TO DO: What you return should be the complete data below, word for word, with no pictures in it.

DATA EXTRACT:

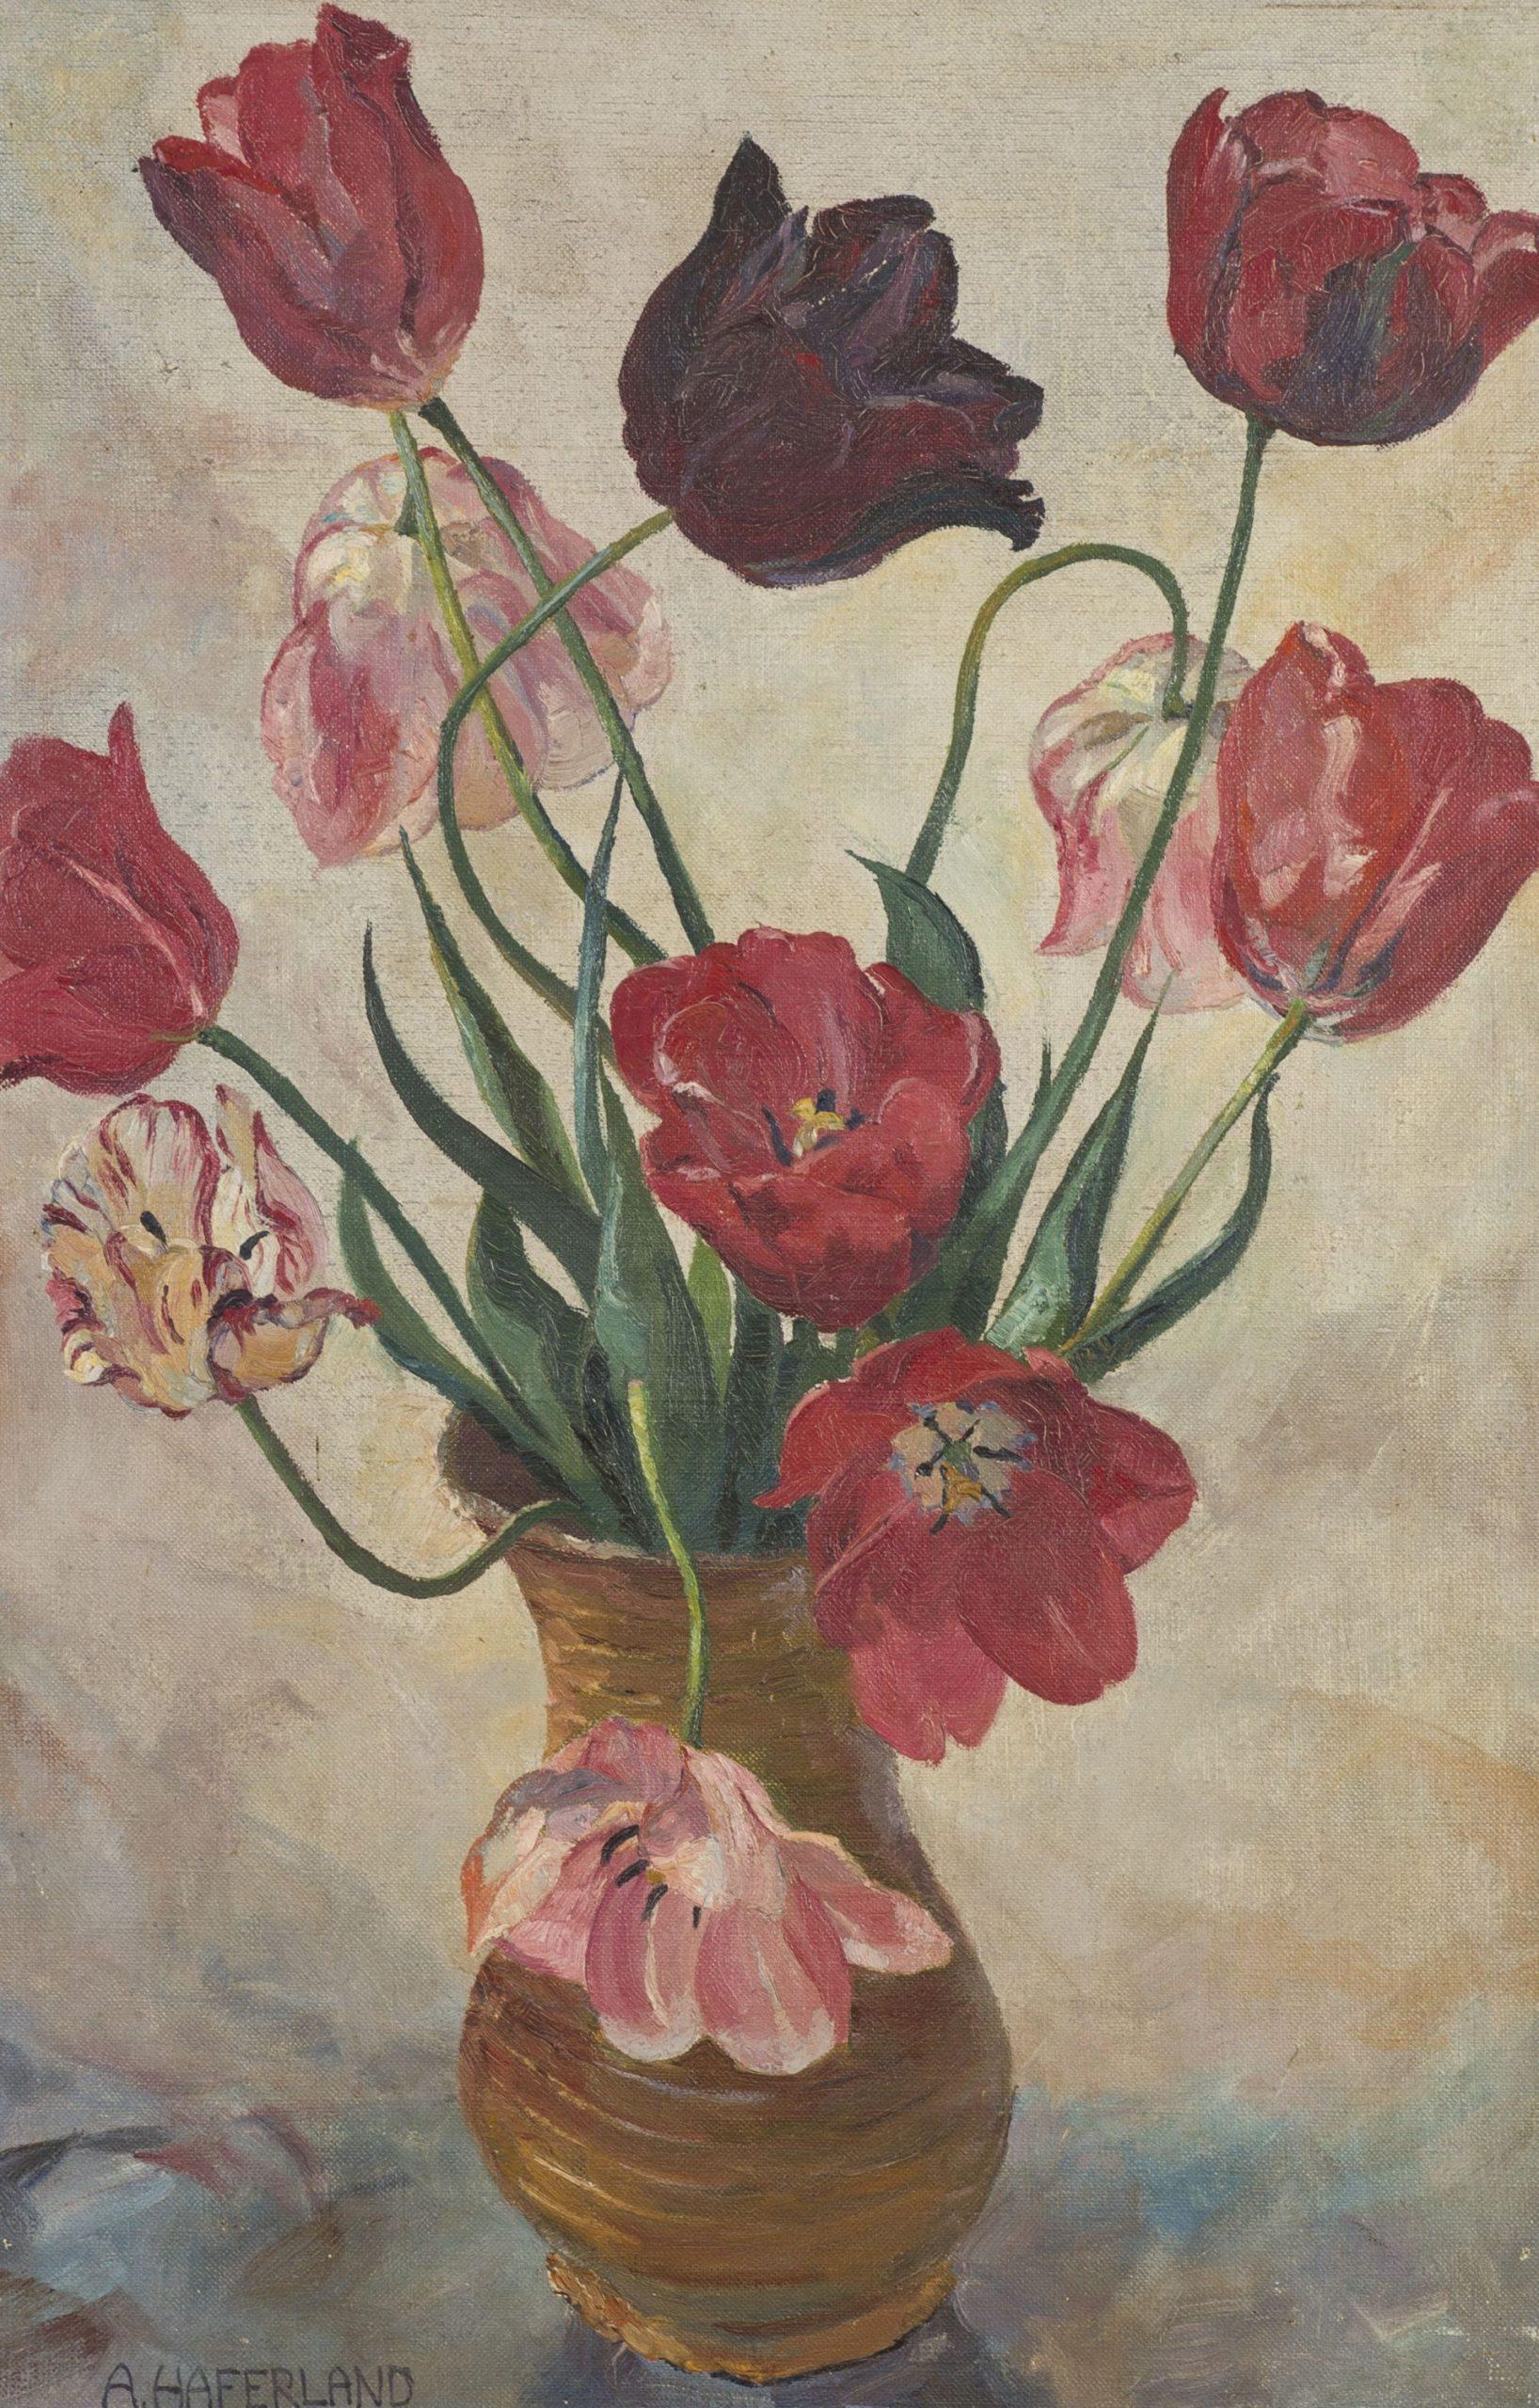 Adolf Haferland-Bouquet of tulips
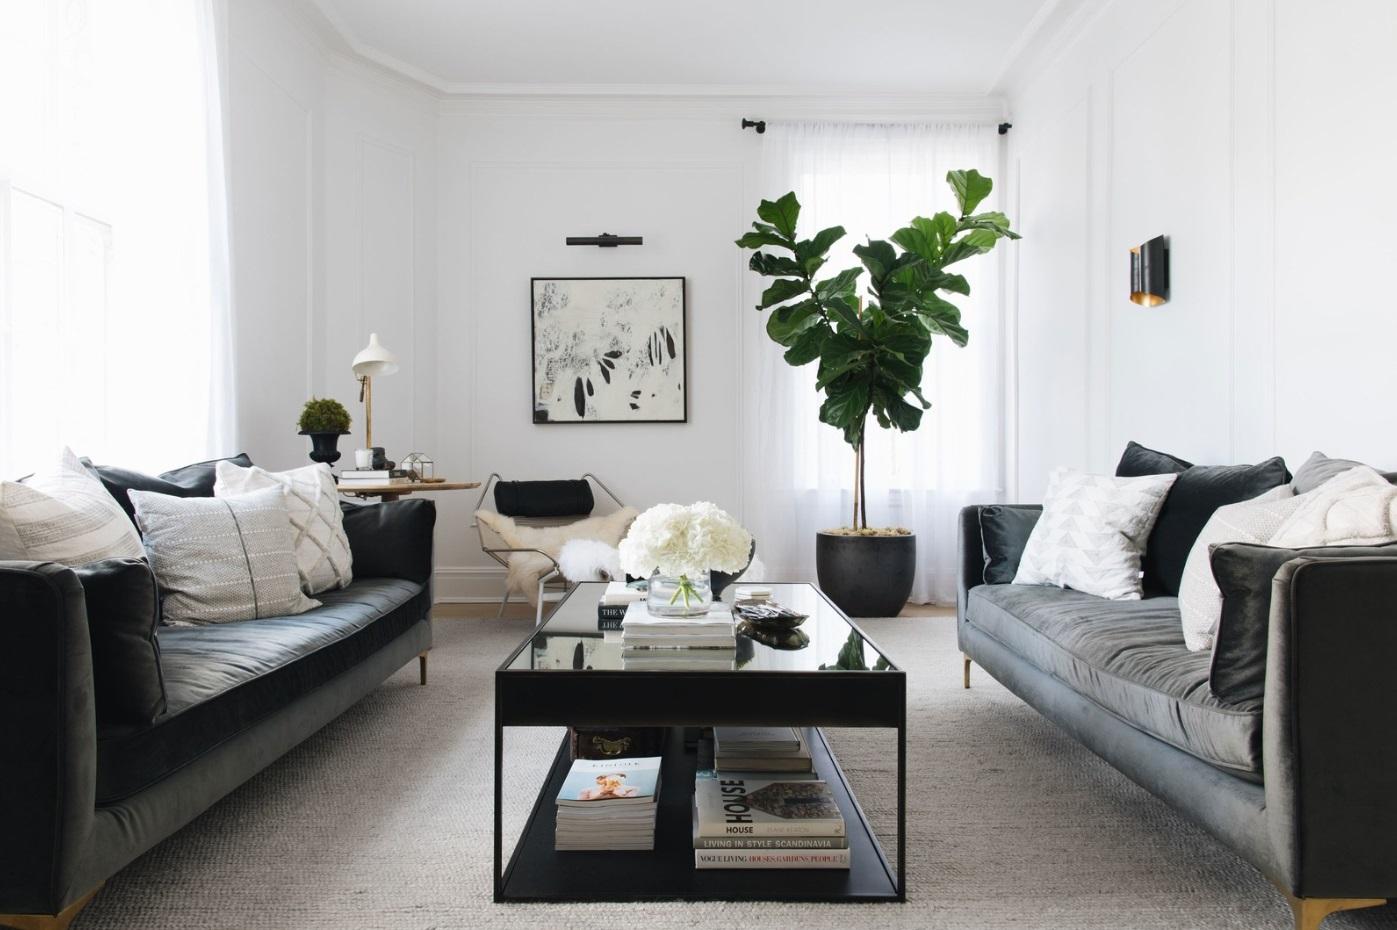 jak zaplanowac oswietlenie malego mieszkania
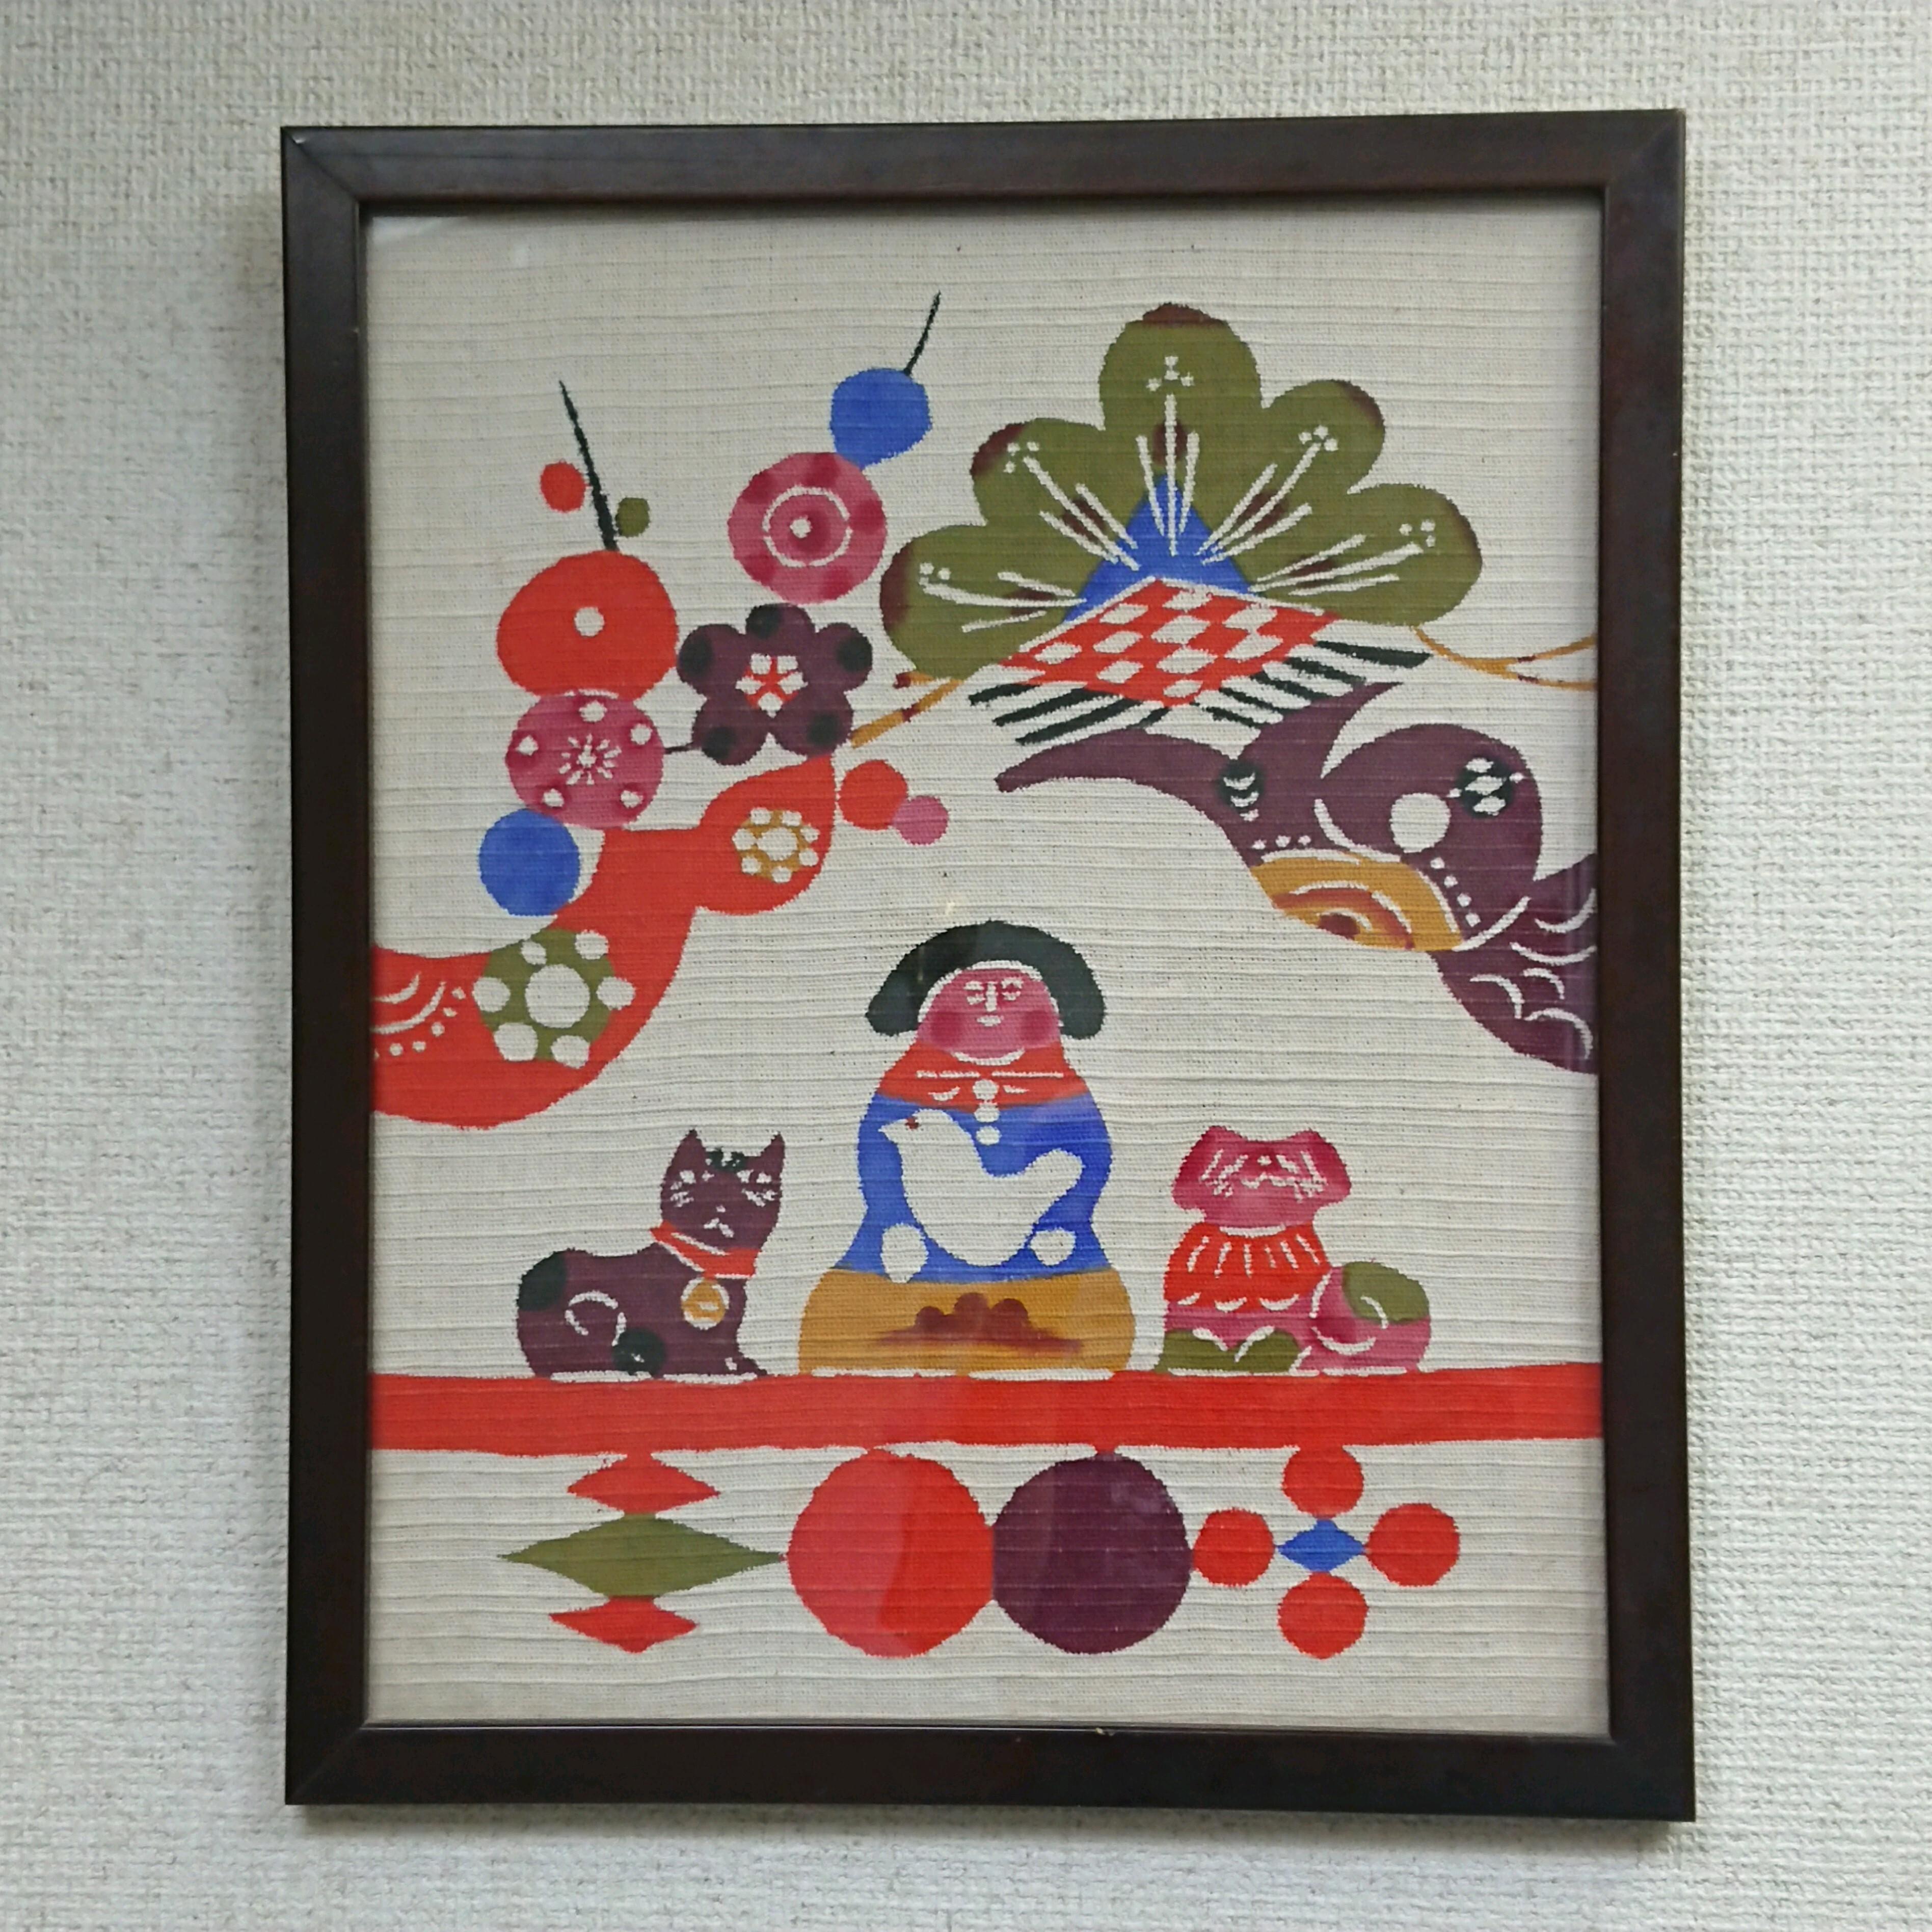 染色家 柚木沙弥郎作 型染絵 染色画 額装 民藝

TASK RESPONSE:
 Adolf Haferland-Bouquet of tulips
 jak zaplanowac oswietlenie malego mieszkania
 染色家 柚木沙弥郎作 型染絵 染色画 額装 民藝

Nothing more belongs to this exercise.